Doctors jokes
Doctor: I’m going to have to turn you away.
Orphan: But why?
Doctor: Because I’m a family doctor.
Why can't Oregon go to the doctor?
Because they need parents' signature.
A man walks into a doctor's office, naked and wrapped in Glad Wrap.
The doctor replies with: "I can clearly see your nuts."
I tell my therapist I’m scared of the 3rd, 9th, and 15th letter of the alphabet.
Doctor: Oh, I see.
Me: Ahhhh!!!!!
What TV series do orphans hate?
"House, M.D."
I broke my arm in two places. You know what the doctor told me? Stay out of those places!
What do you call a Panera Bread doctor?
A Panera med.
What is a similarity between priests and doctors?
They both have fetishes for their professions.
Doctor: You should stop masturbating.
Me: Doc, I'm almost done.
Unbelievable! When doctors touch my body, it’s alright, but if I do the same to some lady, apparently it’s "harassment!"
Went to the doctor, told him I've been having dreams, first about a wigwam, then about a teepee. He said I was too tense.
The doctor said I had two years to live, so I shot him. The warden gave me 50. Problem solved!
My doctor said I could have up to 20 units a week. But now I've eaten half of my kitchen.
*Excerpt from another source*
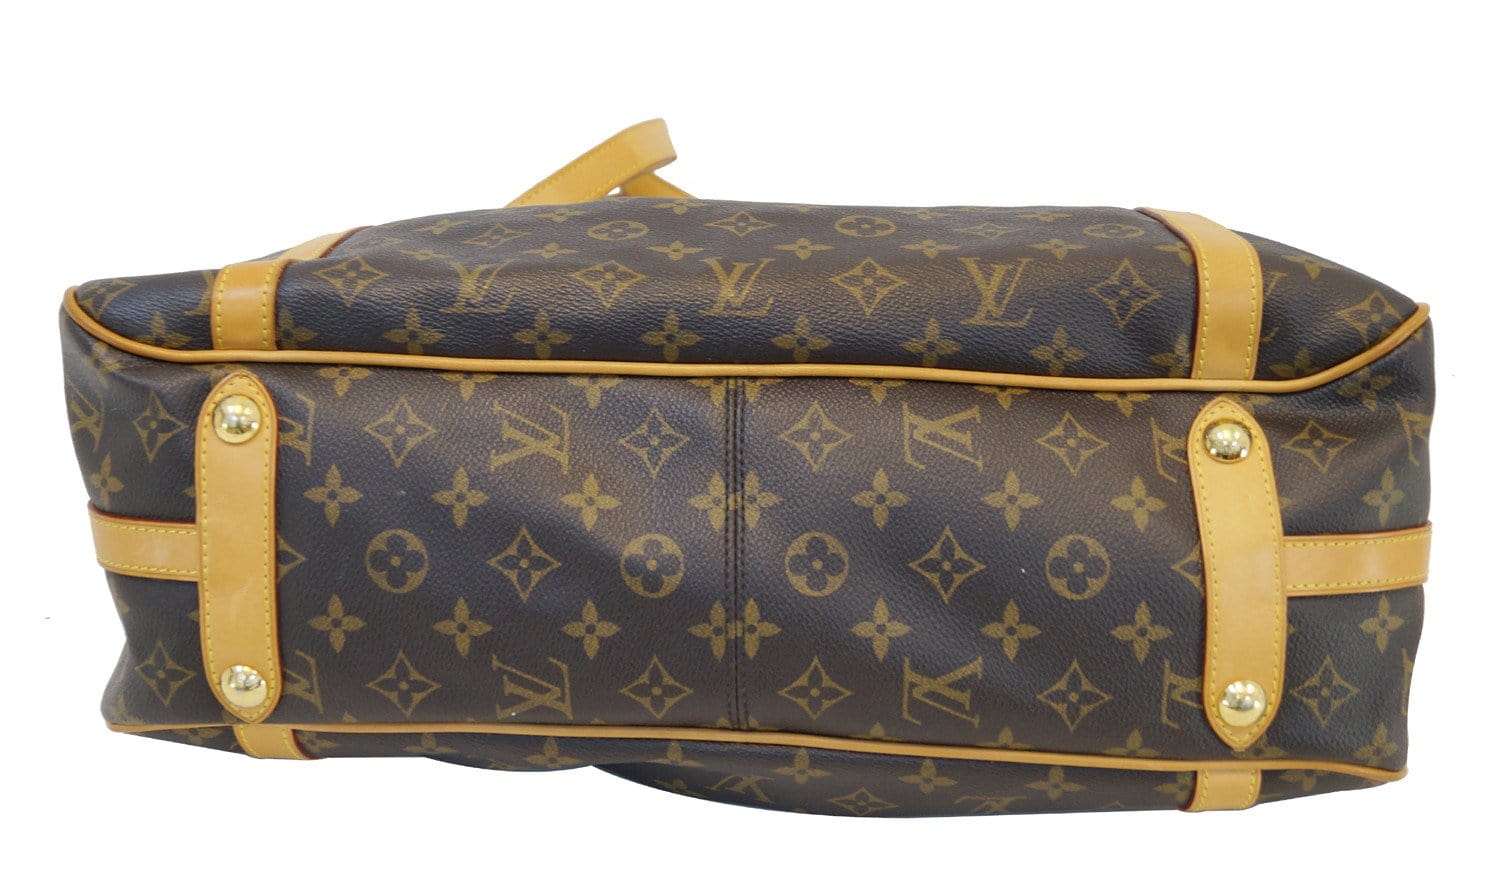 Louis Vuitton Stresa Handbag 369405

Patient: Doctor, I feel like a needle.
Doctor: I see your point!
This guy goes to the doctor and says, “I think I’m a wigwam, no, I think I’m a teepee, no, I must be a wigwam, no, a teepee.”
The doctor tells him, “I think I understand your problem. You’re two tents.”
Is their [there] a doctor anywhere?
My mom has a few problems & those problems is [are] that my mom has big tits, fat ass & sweet pussy that needs attention. Help anyone.
Friend: Hi!
Me: Who are you?
Friend: ...your friend?
Me: What are you talking about? The doctor already said I couldn’t have any.
Why was the North Tower a bad doctor when the South Tower collapsed?
Because the North Tower didn’t do CPR.
Your mama is so fat, when she stepped on the scale the doctor asked for her weight, not her phone number.
The only doctor you have is Doctor Pepper.